Cairrge Brachaidhe, aka Carrickbraghy or Carrichbrack, was a Gaelic-Irish medieval territory located in Inishowen, County Donegal, Ireland.

Overview
Thought to have been named after, or by, Brachaidi mac Diarmata of the Cenél Fergusa (see List of Irish clans in Ulster), a clan who held the territory from the early medieval period.
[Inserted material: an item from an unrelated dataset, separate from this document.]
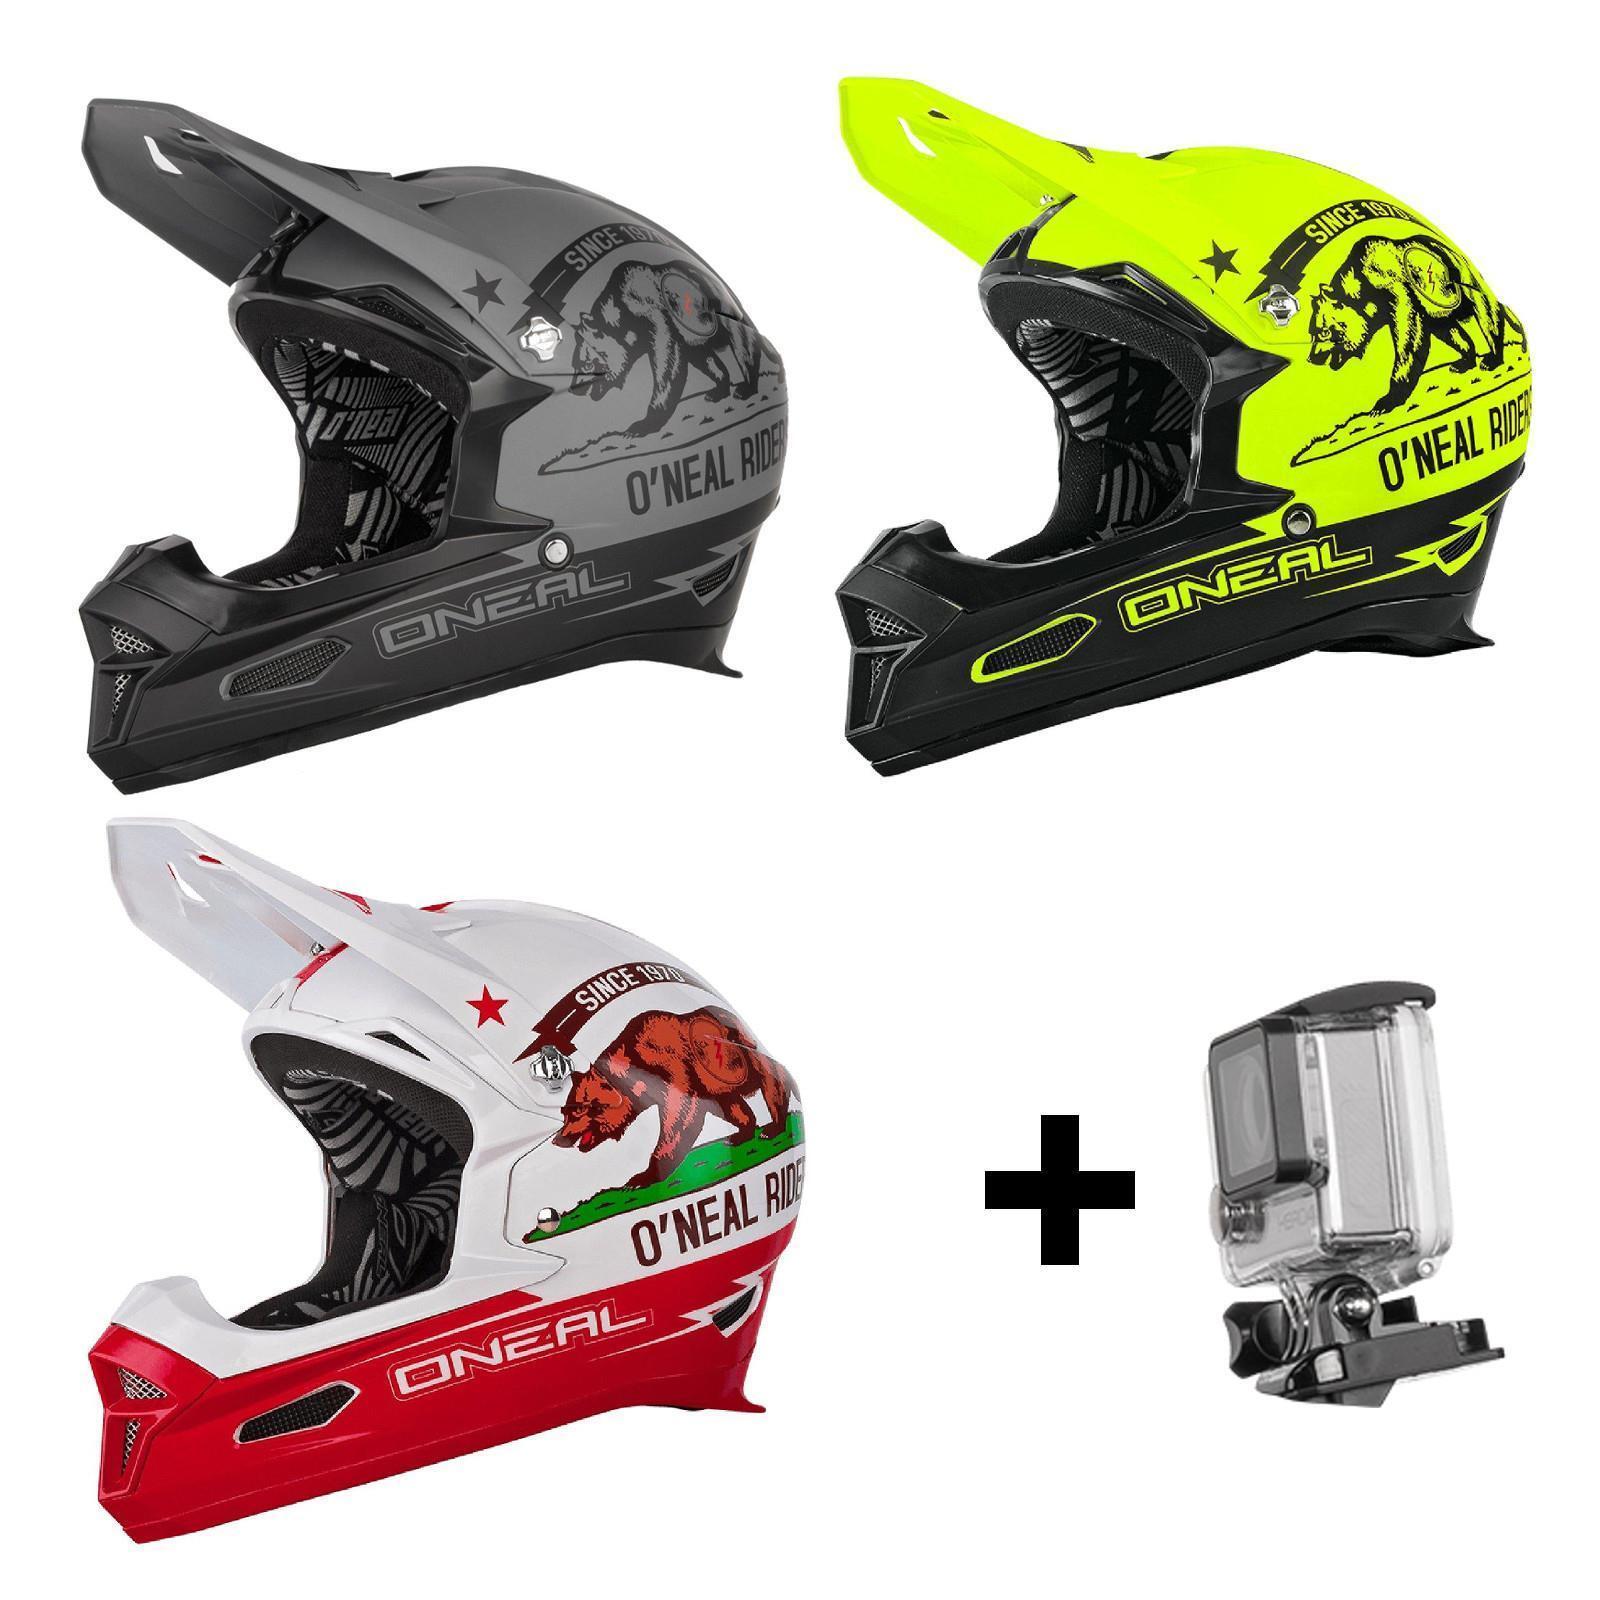 Oneal Fury RL casco California FullFace downhill DH MTB action cam mountainbike
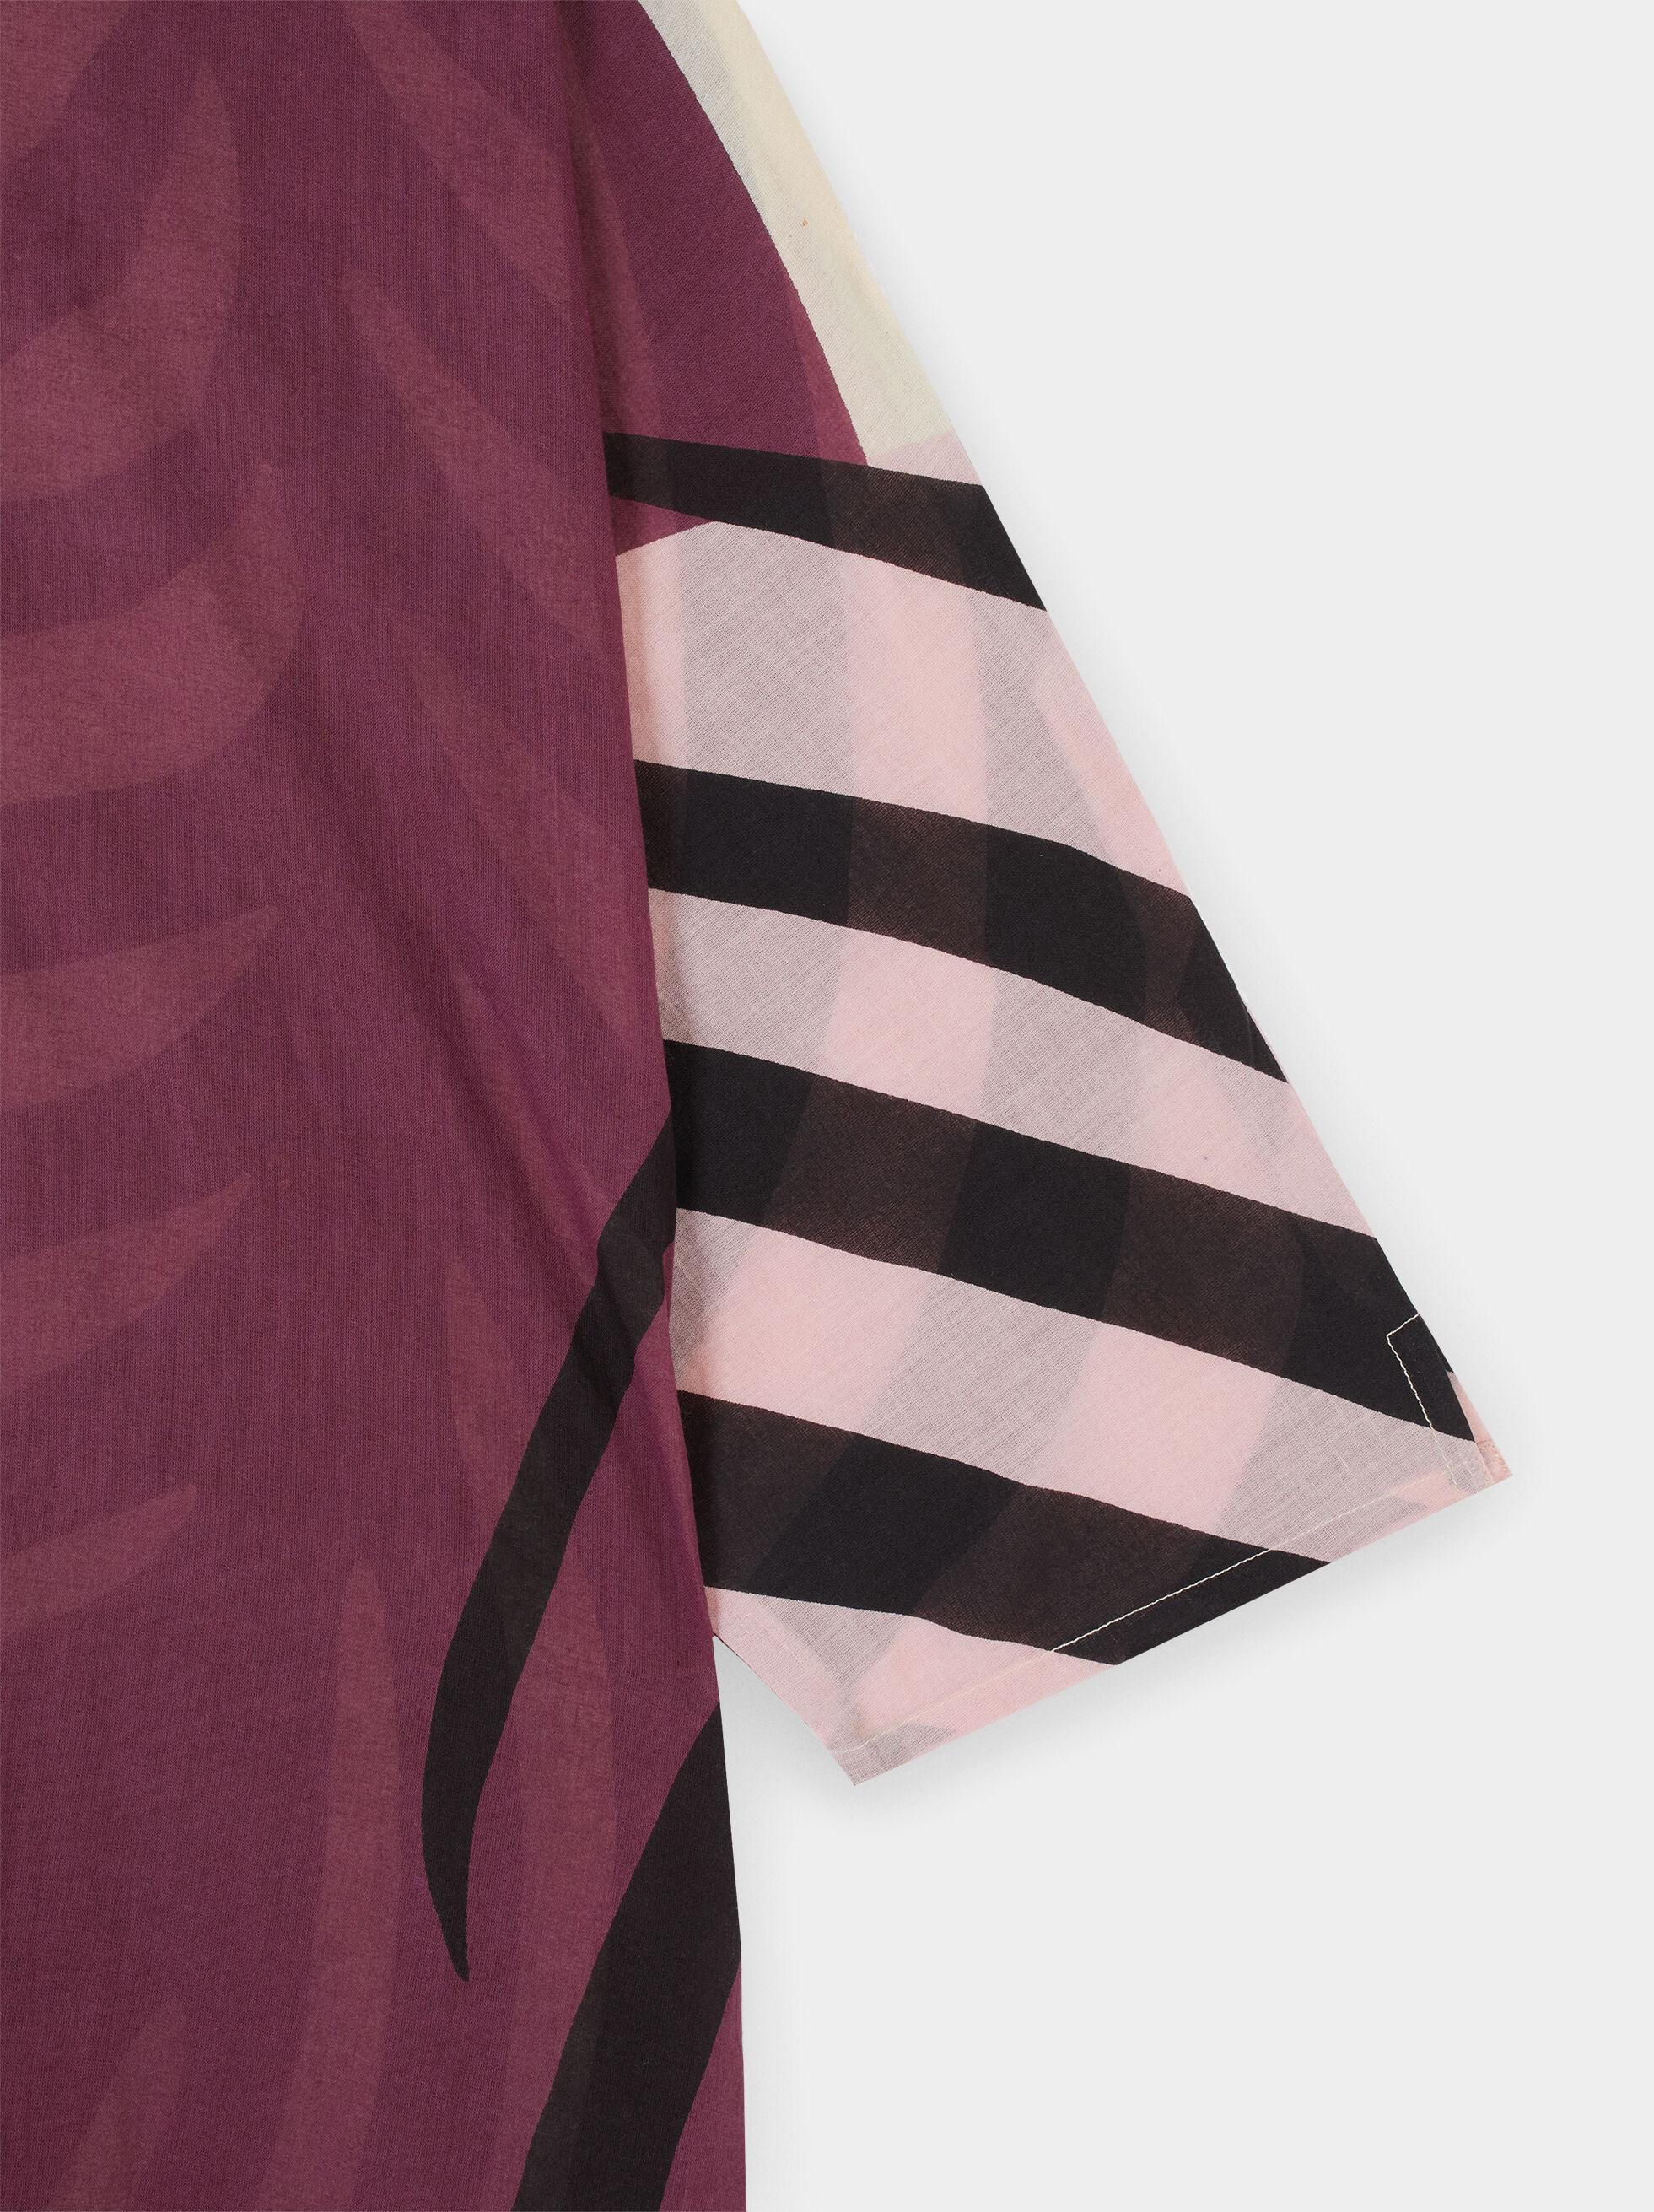 Flowing Leaf Print Dress, Pink, hi-res

The family of Ó Maol Fábhail were its kings.

In the early modern era it was part of the barony of Inishowen West, in County Donegal.

Cairrge Brachaidhe in the Irish annals
 721: Snedgus Dearg Ua Brachaidhe, was slain in battle on the side of Aedh Allan, son of Fearghal, and the Cinel Eoghain.
 834, Fearghus son of Badhbhchadh, lord of Carraig (Cairge or Cairrge) Brach Aidhe, was slain by the Munstermen.
 857, Seghonnán, son of Conang, lord of Carraig Brachaidhe, died.
 859, Sechonnan filius Conaing, rex Cairgi Brachaide, died.
 878/81, Maelfabhaill, son of Loingseach, lord of Carraig Brachaighe (or Chairrge Brachaighe), died.
 907, Ruarc, mac Maol Fabhaill, tighearna Cairrge Brachaidhe, died.
 965/67, Tigernach mac Ruairc, ri Carce Brachaidhe, died.
 1014, Cú Dubh, mac Maol Fabhaill, toiseach Cairrge Brachaighe was slain by the Síl Taidhg i m-Breghaibh.
 1053, Flaithbhertach Ua Mael Fabhaill, tigherna Cairrcce Brachaidhe, died.
 1065, Muircertach Ua Mael Fhabaill ri Cairce Brachaidhe was slain by the Ui Meithe Menna Tire.
 1082, Gilla Crist Ua Mael Fhabaill ri Cairrce Brachaidhe, died.
 1102, Sitricc Ua Maol Fabhaill tigherna Cairrge Brachaidhe.
 1166, Aedh Ua Mael Fhabhaill, tigherna Cairrcce Brachaidhe, was slain by the son of Néll Uí Lochlainn.
 1198, Cathalan O'Mulfavil, Lord of Carrick-Braghy, was slain by O'Dearan, who was himself slain immediately afterwards in revenge of him.
 1199, Cathalan h-Ua Mael Fhabaill, ri Cairrgi Brachaidhe, was slain by d'O Deran.

External links
 http://www.rootsweb.ancestry.com/~irlkik/ihm/uineill.htm#fergusa

References
 Cenél Conaill and the Donegal Kingdoms, AD 500 – 800, Brian Lacy, Four Courts Press, Dublin, 2006. .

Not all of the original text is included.